In this paper, the team built a new, massive net with 25 million different shapes (templates).

  • The Analogy: Imagine you are trying to find a lost key in a field. Previous searches only looked for keys shaped like a standard house key. This new search looks for keys shaped like house keys, car keys, skeleton keys, and even keys made of rubber.
  • The Tech: They included a feature called "Tidal Deformability." This accounts for the "Jell-O effect." They realized that for very light neutron stars, this squishing effect is huge—up to 700,000 times stronger than what we see in heavier stars.
  • The Speed Hack: Running a search with 25 million shapes usually takes a supercomputer a lifetime. The team used a new "de-chirping" trick (like a noise-canceling headphone for data) to make the search 8 times faster, making it possible to finish in a reasonable time.

The Results: The Silence is Loud

After listening to the data from May 2023 to January 2024, the result was: No confirmed detections.
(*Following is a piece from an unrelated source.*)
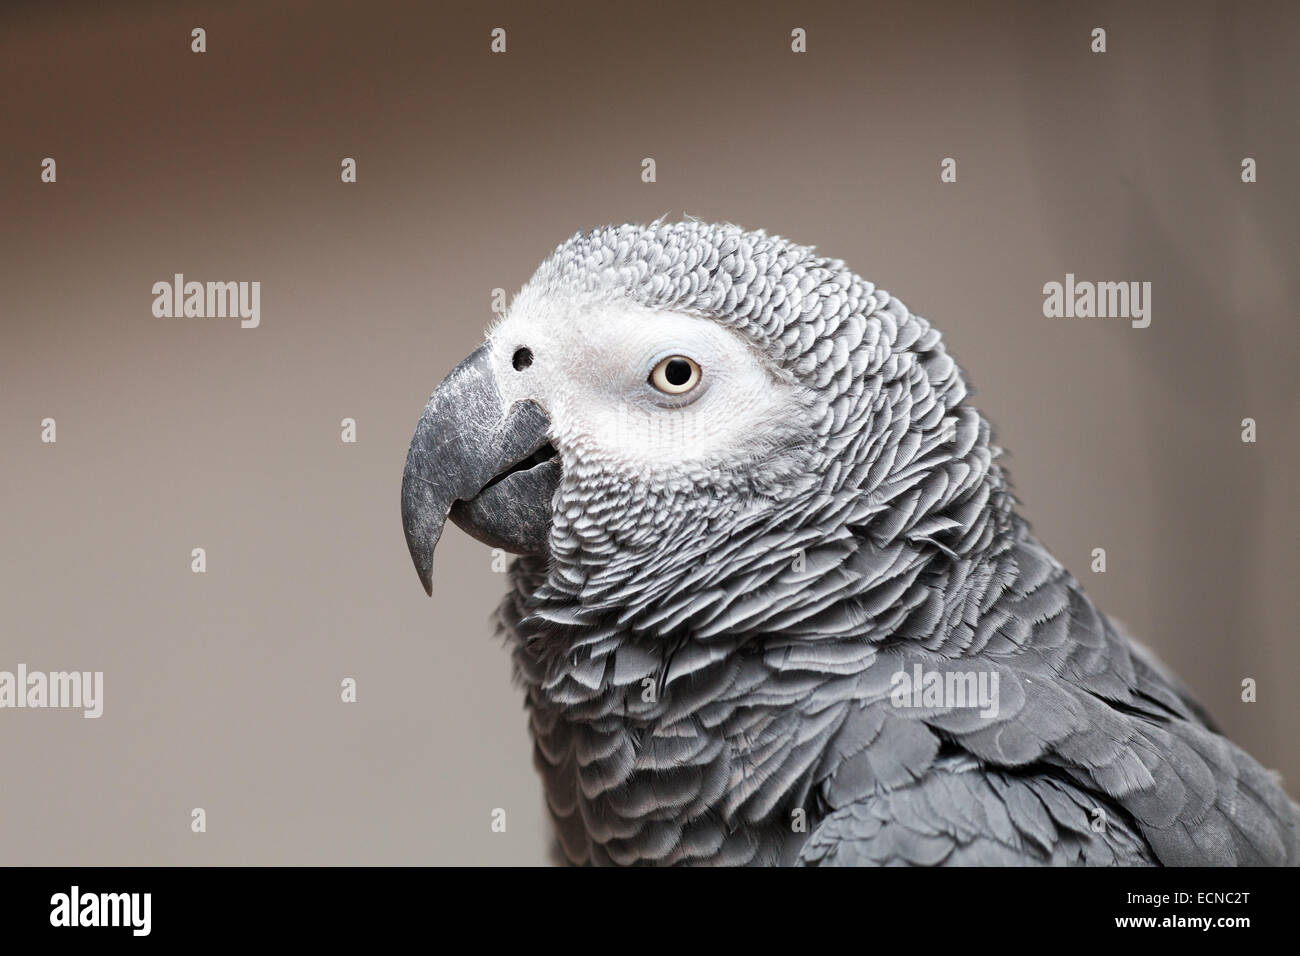 Seite Profil Schuss in den Kopf der ein afrikanisches Grau-Papagei, sie sind gesprächig Vogel oft als Haustiere gehalten und hervorragende Mimik. Stockfoto
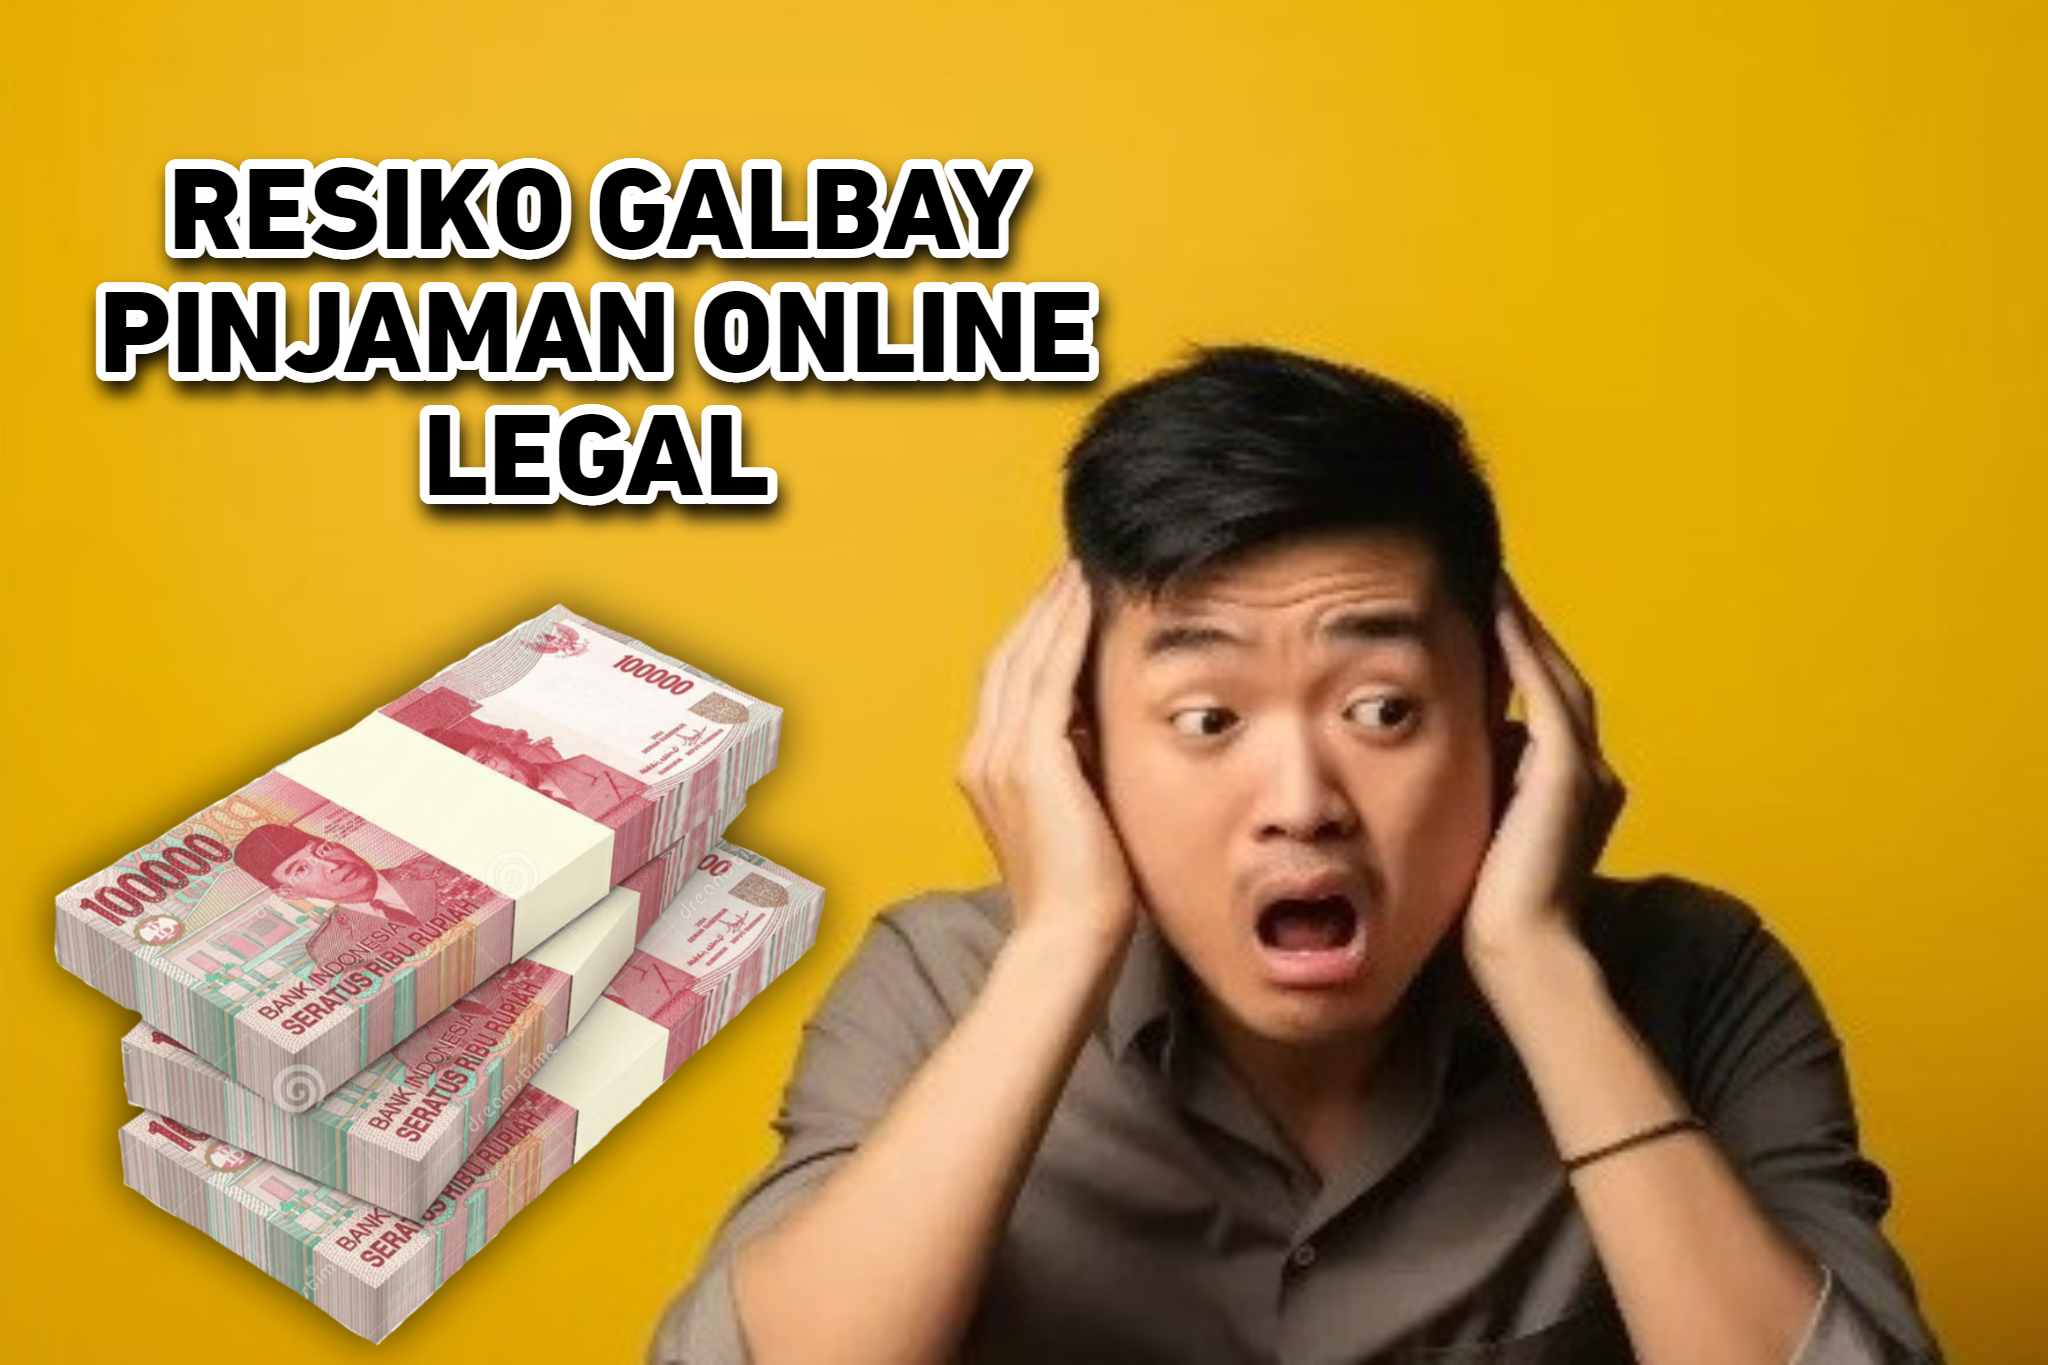 Resiko Serius yang Akan Dialami Apabila Galbay di Pinjaman Online Legal

  • The "False Alarm": They found a few "blips" that sounded interesting, but the math showed there was a 5.7% chance they were just random noise (like hearing your name called out in a crowded room when no one actually said it). These weren't strong enough to be real discoveries.
  • The Good News: Even though they didn't find the objects, they learned something huge. By not finding them, they can say with 90% confidence: "If these objects exist, they are rarer than we thought."

What Did We Learn? (The Constraints)

Because they didn't find any, they set a "limit" on how many of these objects could be hiding in the universe.

  • Dark Matter: They calculated that these tiny black holes can make up less than 0.5% of the universe's Dark Matter. This is a huge improvement over previous guesses, effectively ruling out the idea that all Dark Matter is made of these tiny black holes.
  • Sensitivity: Their new search is twice as sensitive as all the previous searches combined. They are now looking deeper into the "ocean" than ever before.

The Future: Why Keep Looking?

The paper mentions a mysterious event called S250818k. It was a faint signal that might have been a tiny neutron star merger, but it wasn't loud enough to be sure. It's like hearing a faint whisper in a storm.

The authors conclude that while we haven't found these "ghost minnows" yet, our ears are getting much better.

  • Next Steps: We need even bigger detectors (like the proposed "Einstein Telescope") to hear the faintest whispers.
  • The Stakes: Finding one of these would be a Nobel Prize-level discovery. It would prove that the universe has secrets we haven't even imagined yet, potentially revealing the true nature of Dark Matter and the very first moments of the Big Bang.

In a nutshell: We built a super-smart, super-fast net to catch tiny, invisible cosmic ghosts. We didn't catch any this time, but we proved our net is now twice as good as before, and we know exactly how rare these ghosts must be. The hunt continues!